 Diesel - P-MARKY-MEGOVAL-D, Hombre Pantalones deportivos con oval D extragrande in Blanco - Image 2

...

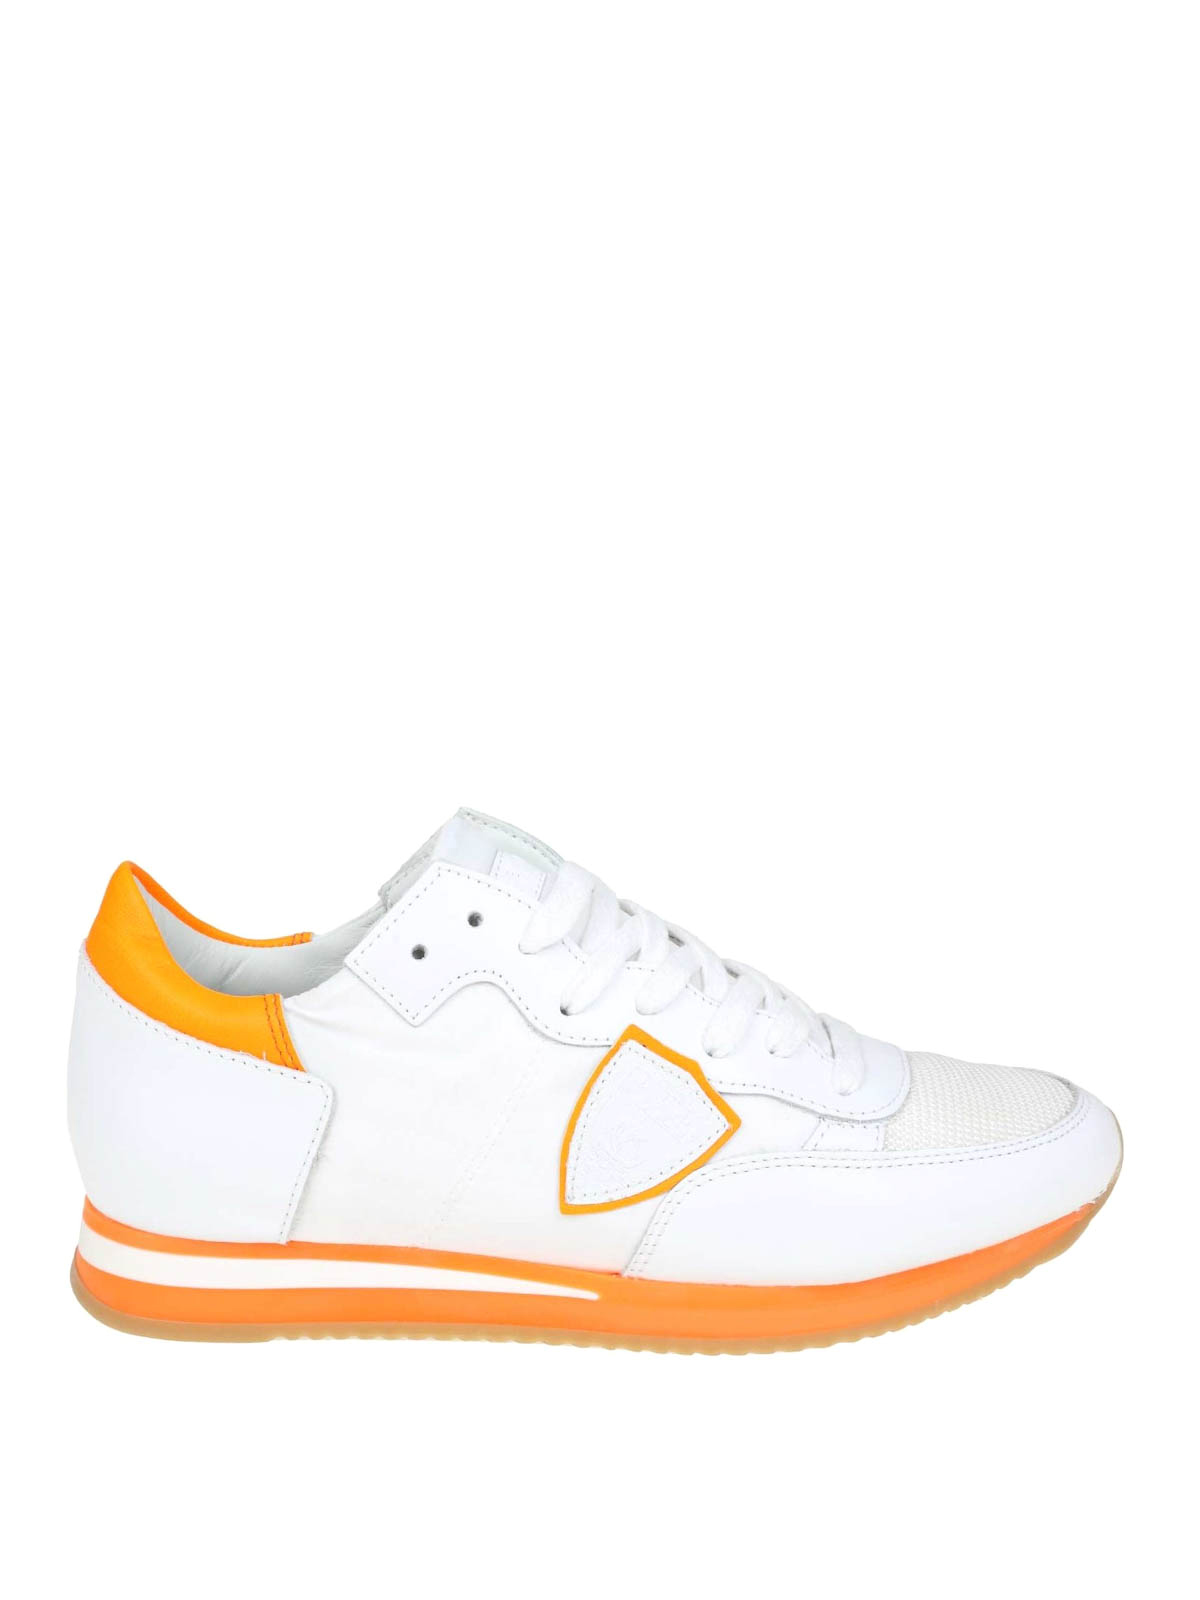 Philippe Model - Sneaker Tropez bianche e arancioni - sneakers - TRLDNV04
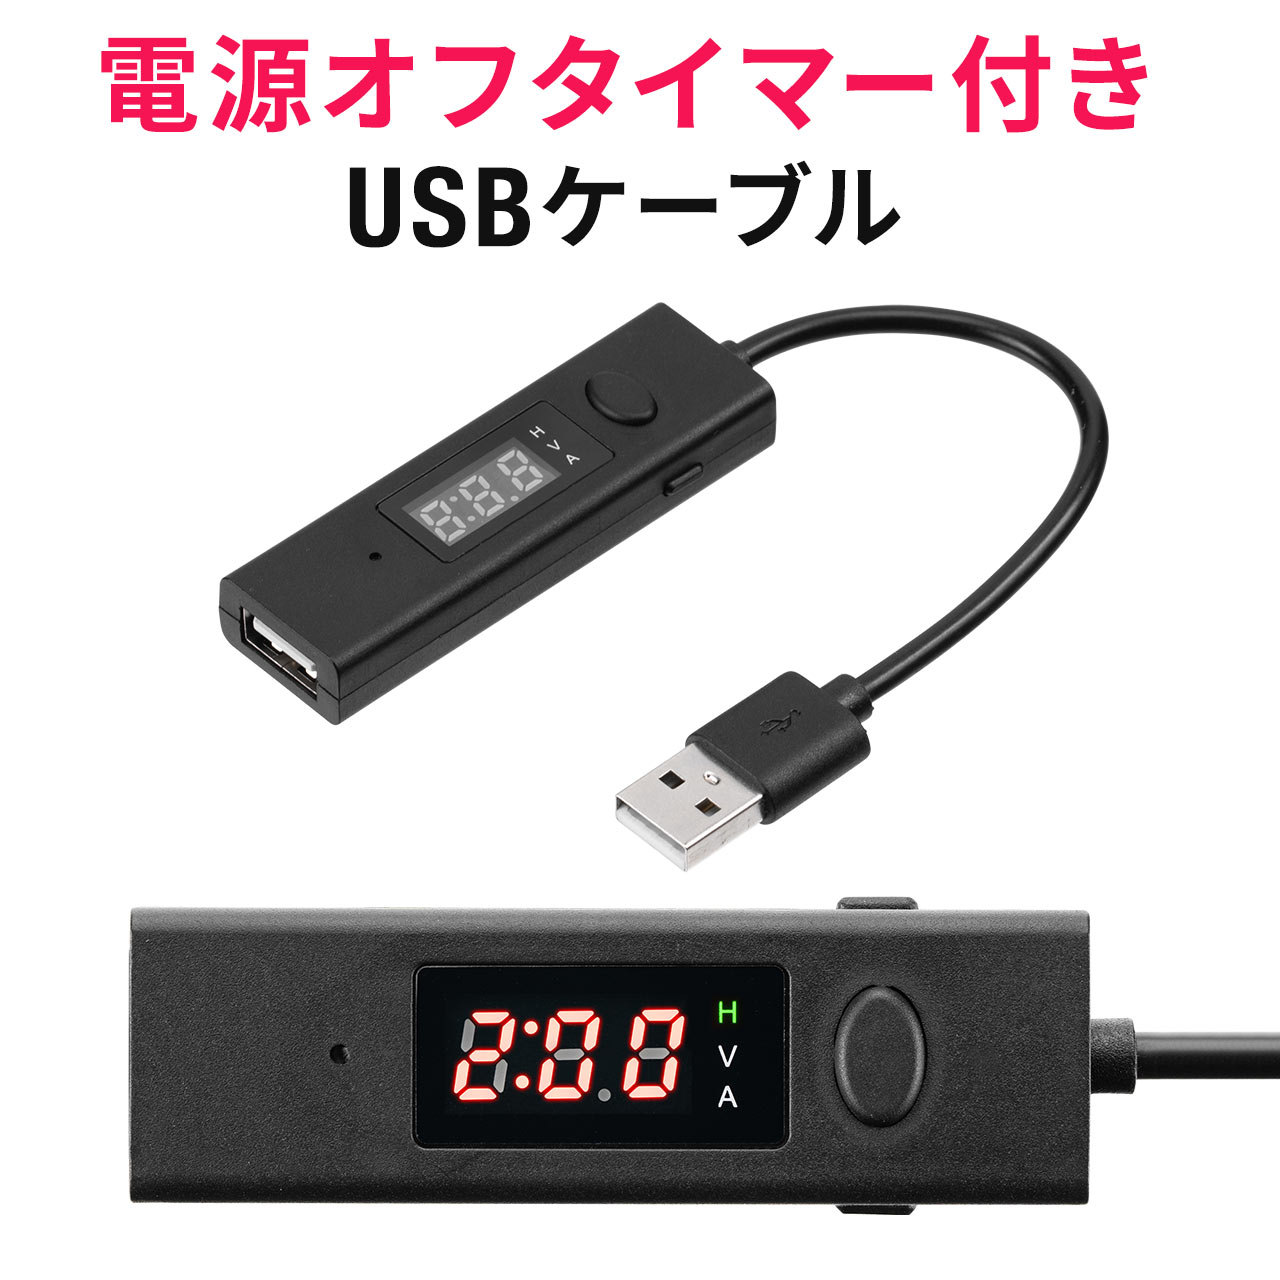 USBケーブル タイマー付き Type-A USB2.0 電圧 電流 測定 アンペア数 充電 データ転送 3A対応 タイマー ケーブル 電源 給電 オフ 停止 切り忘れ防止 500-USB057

INSTRUCTIONS TO FOLLOW: Leave the pictures out, and transcribe exactly the lines above starting at the one that contains "Philippe Model - Sneaker" and ending at the one that contains "USBケーブル タイマー付き Type-A".

TASK SOLUTION:
 Philippe Model - Sneaker Tropez bianche e arancioni - sneakers - TRLDNV04
 USBケーブル タイマー付き Type-A USB2.0 電圧 電流 測定 アンペア数 充電 データ転送 3A対応 タイマー ケーブル 電源 給電 オフ 停止 切り忘れ防止 500-USB057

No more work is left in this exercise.